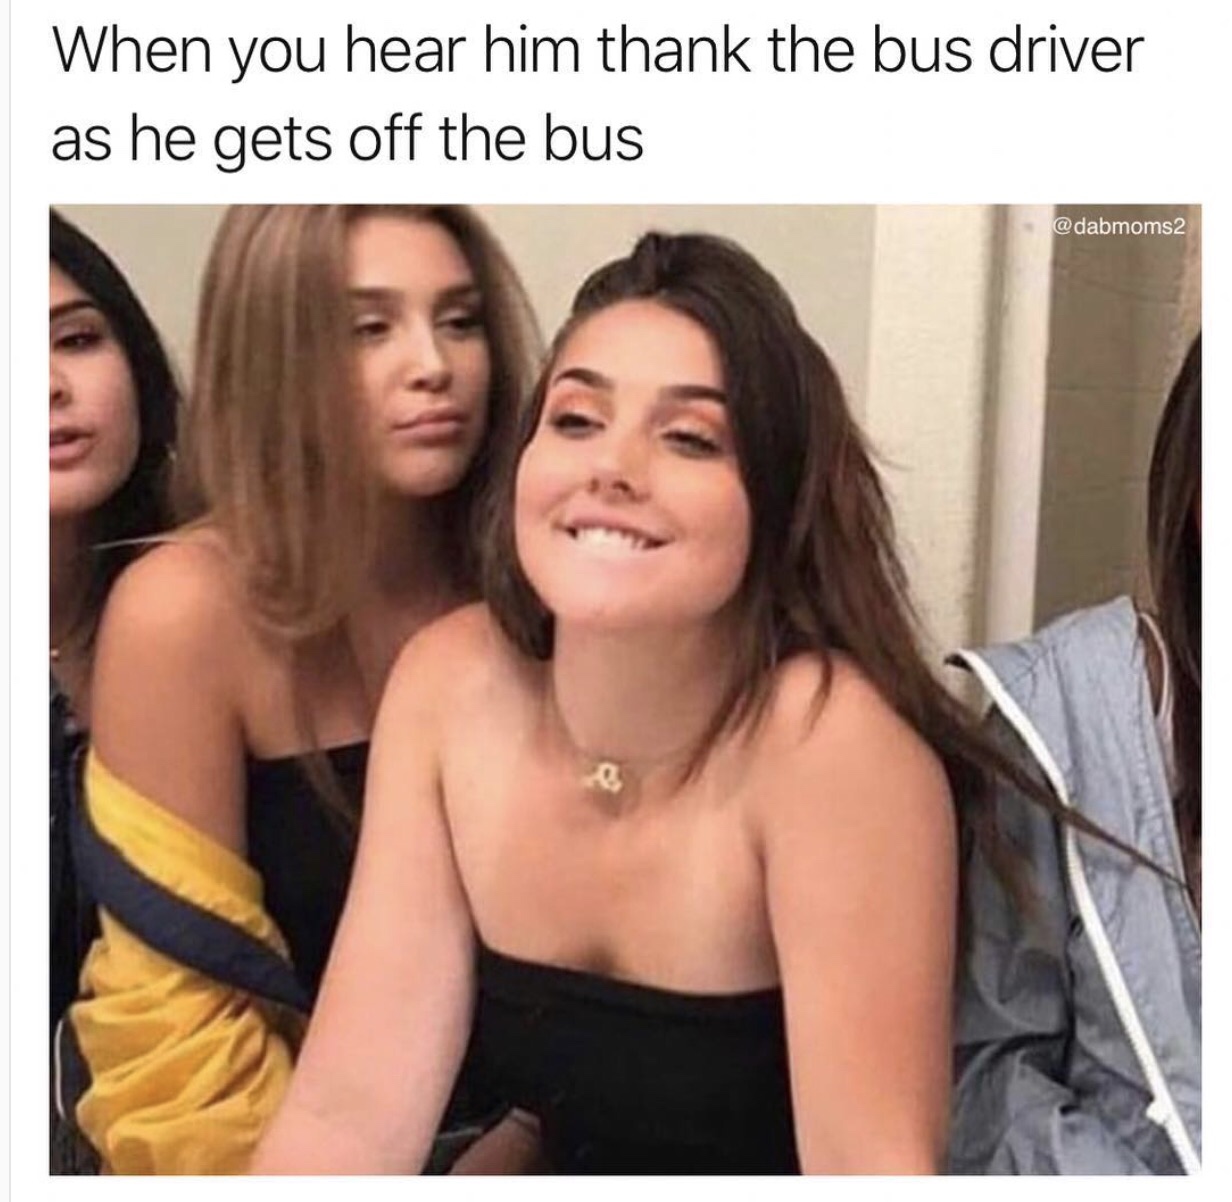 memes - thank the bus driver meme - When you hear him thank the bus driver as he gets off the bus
==
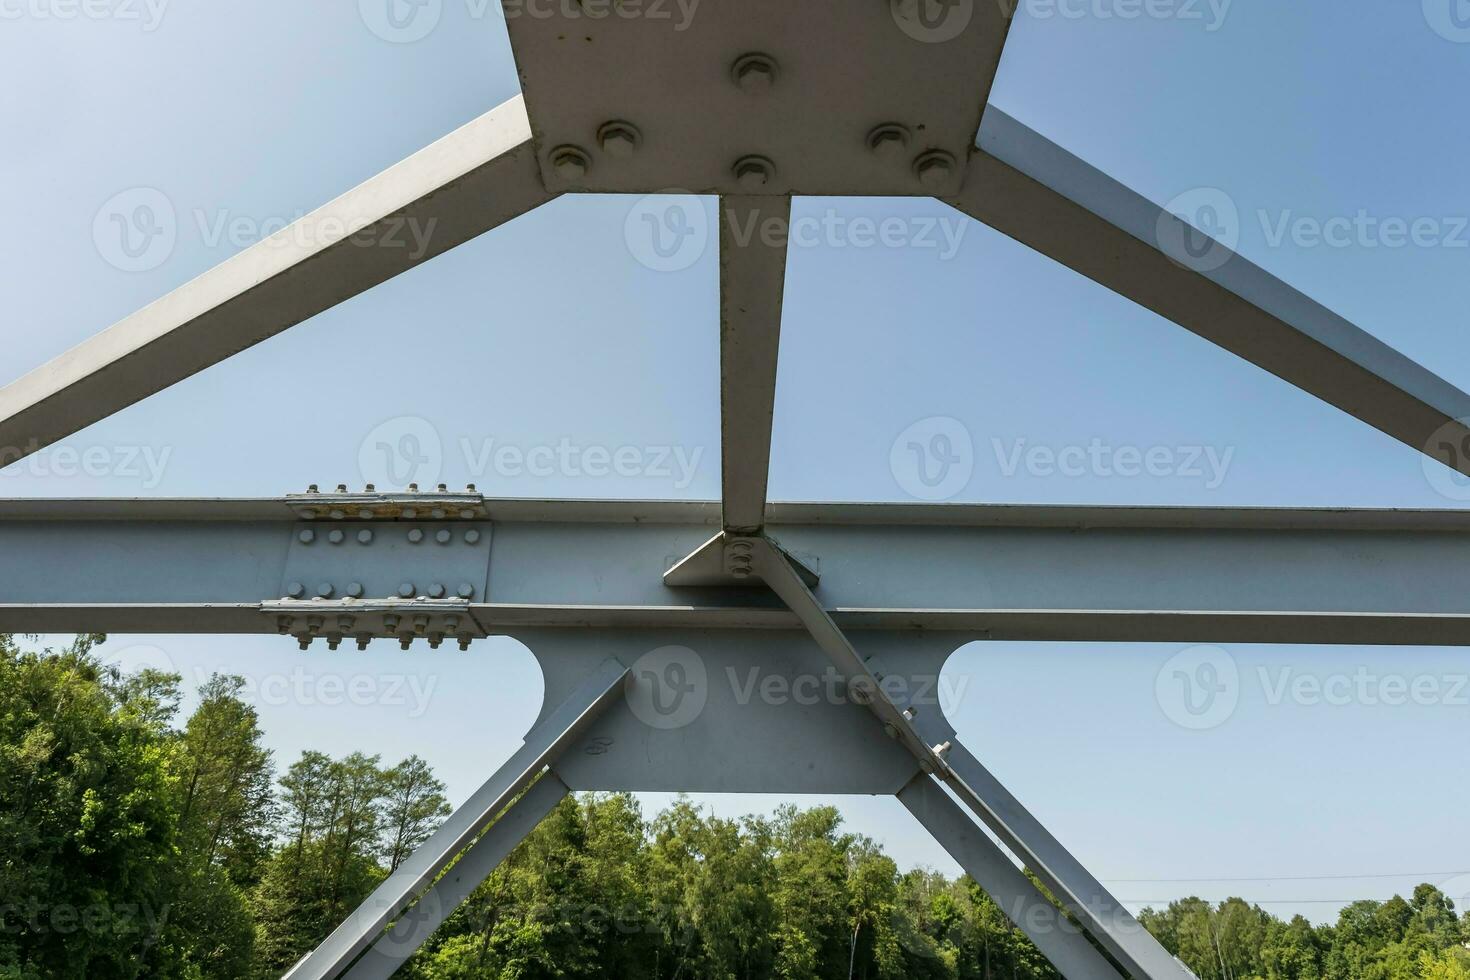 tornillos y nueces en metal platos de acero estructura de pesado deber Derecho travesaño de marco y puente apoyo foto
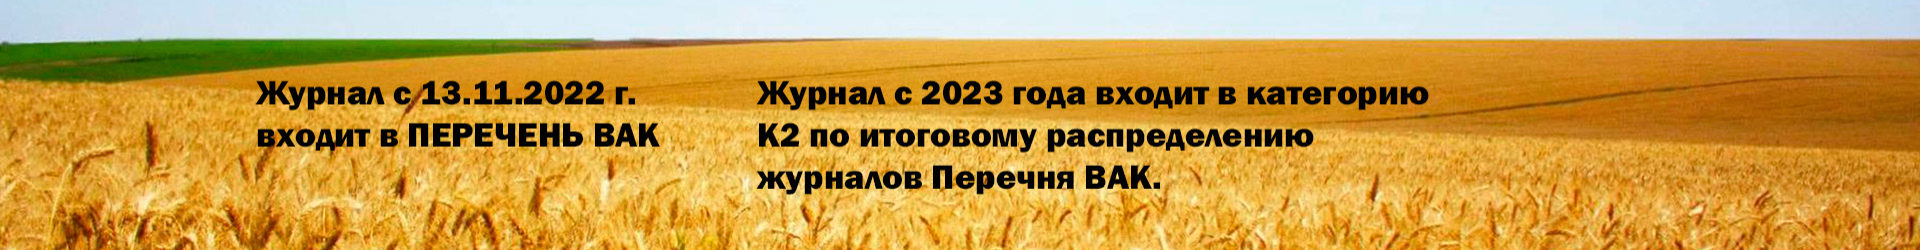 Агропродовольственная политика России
--
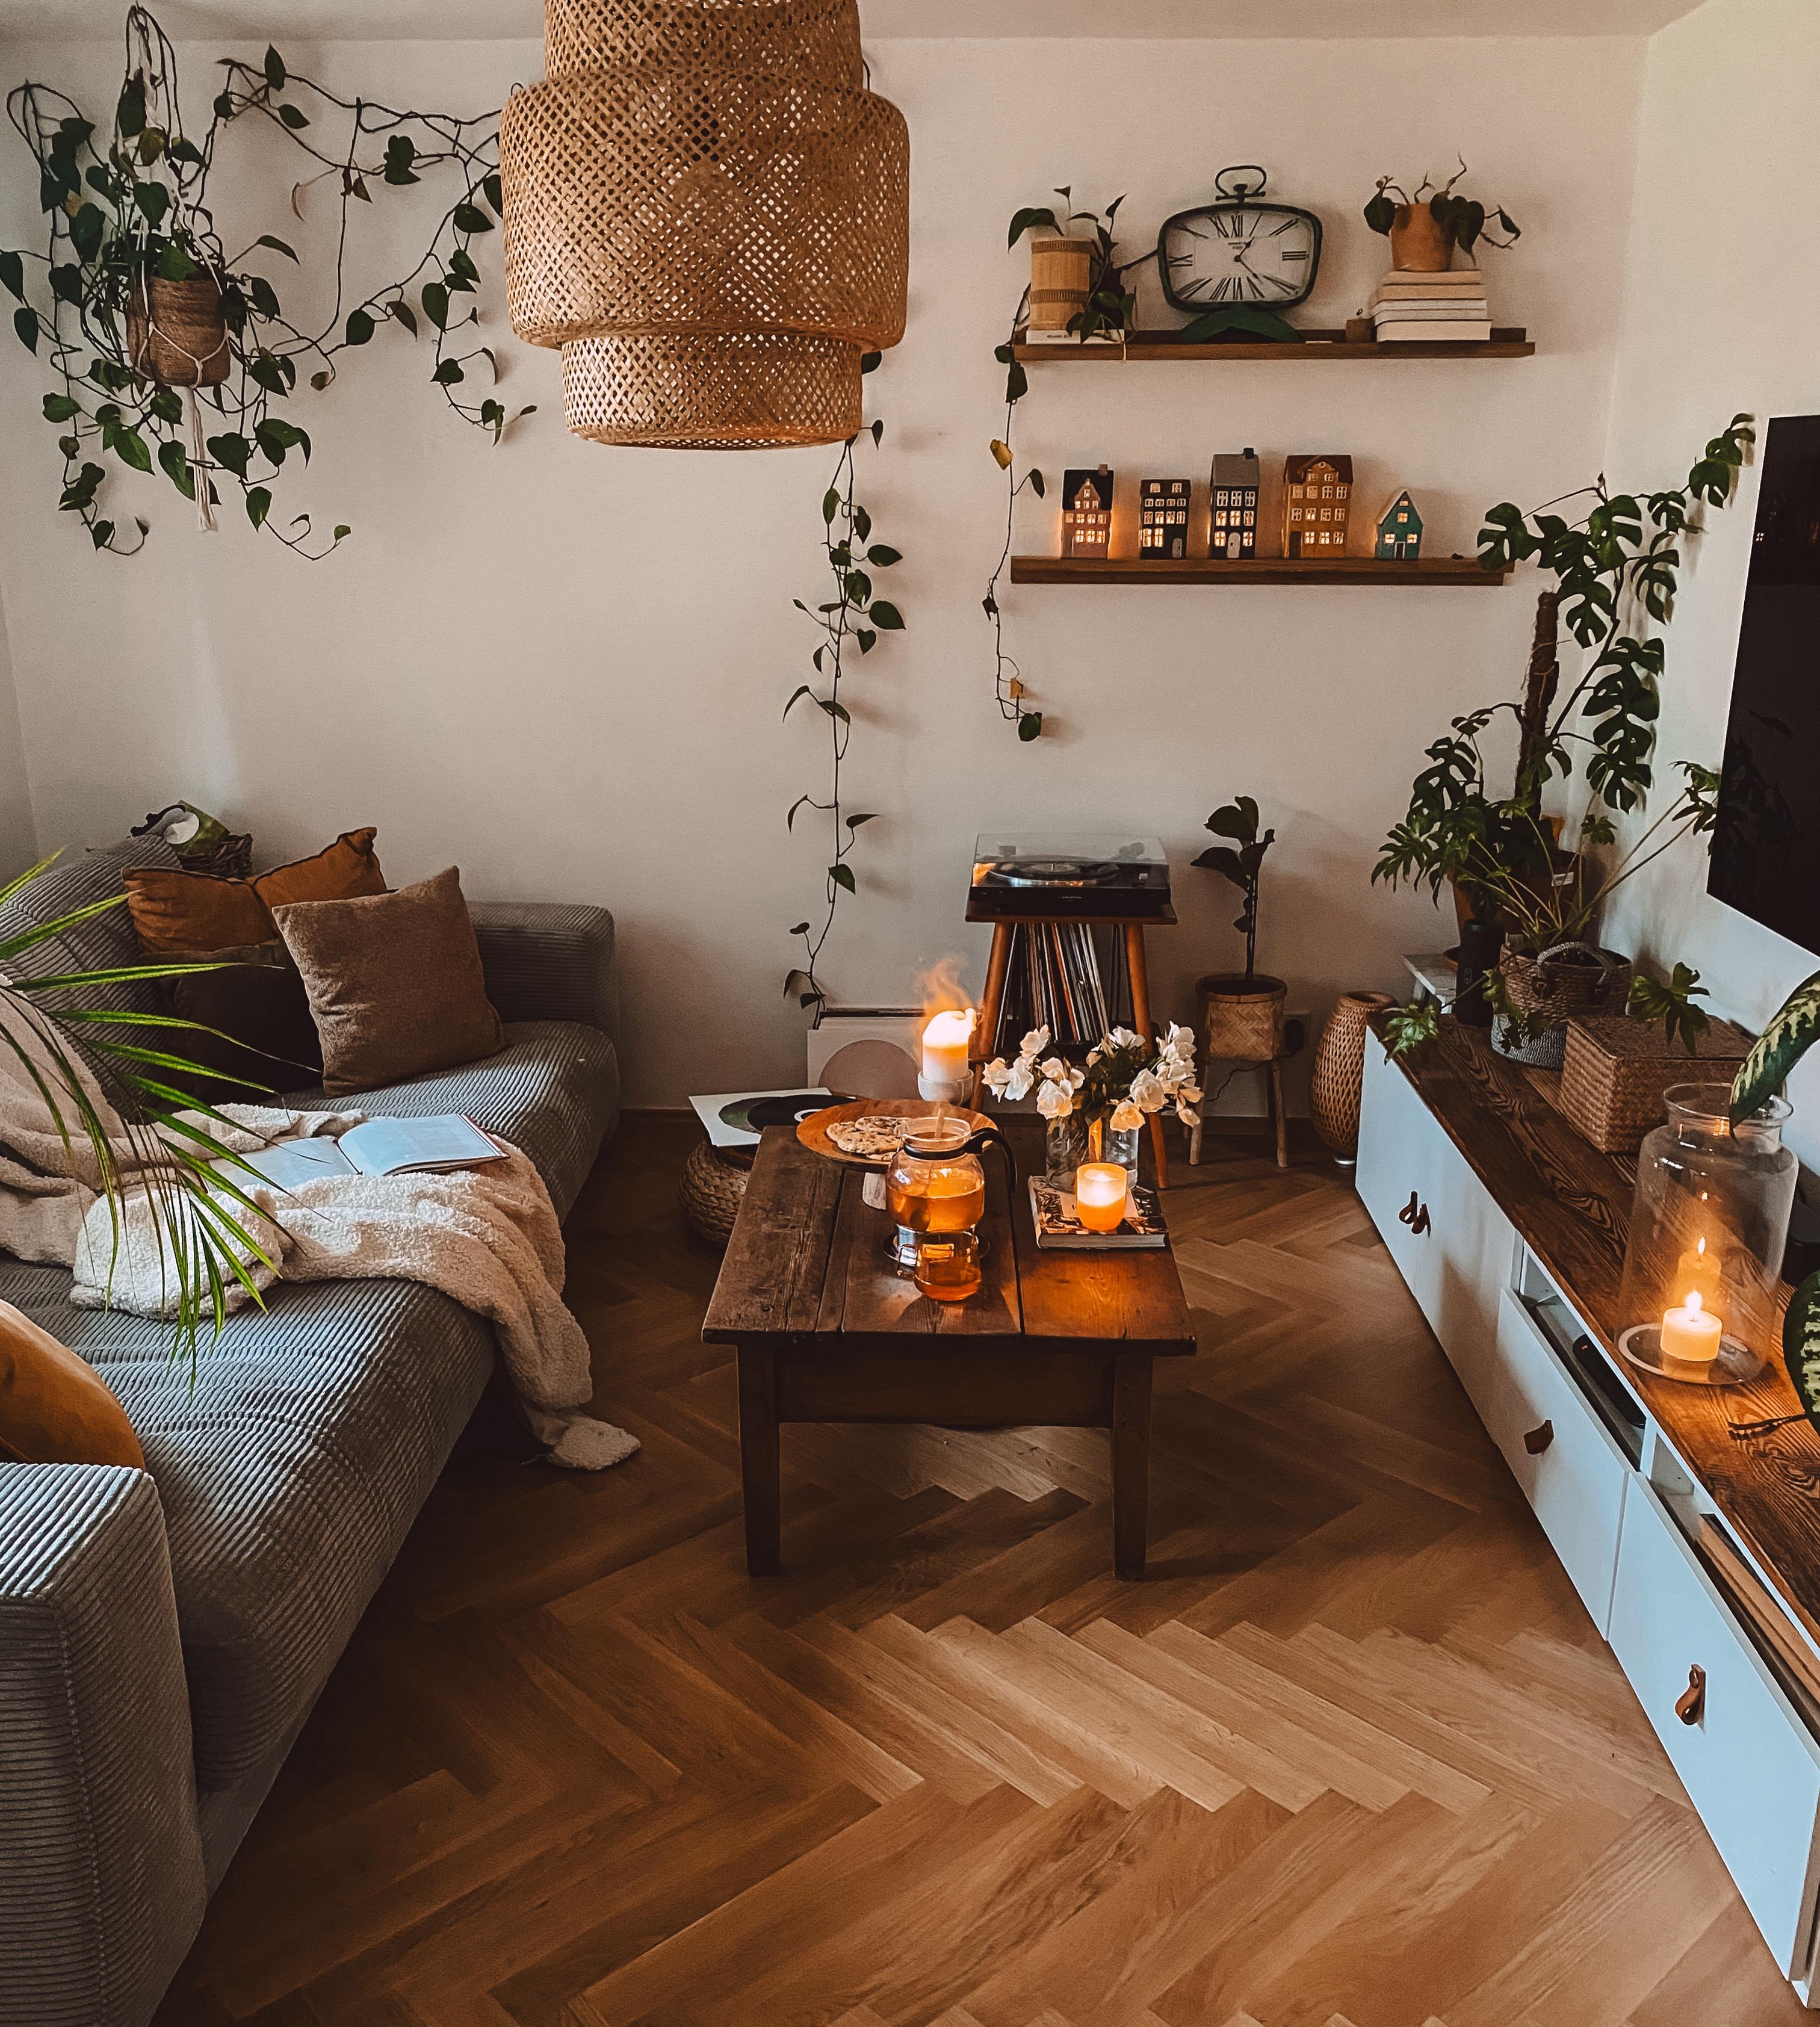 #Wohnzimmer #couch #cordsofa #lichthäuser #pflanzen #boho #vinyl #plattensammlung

▶ [Task directions]:
Return word for word the lines of the listing above, starting at the line with "tornillos y nueces" and ending at the line with "Агропродовольственная политика России", both included. Pictures do not belong in the copy.

▶ [Reply to the task]:
 tornillos y nueces en metal platos de acero estructura de pesado deber Derecho travesaño de marco y puente apoyo foto
 Агропродовольственная политика России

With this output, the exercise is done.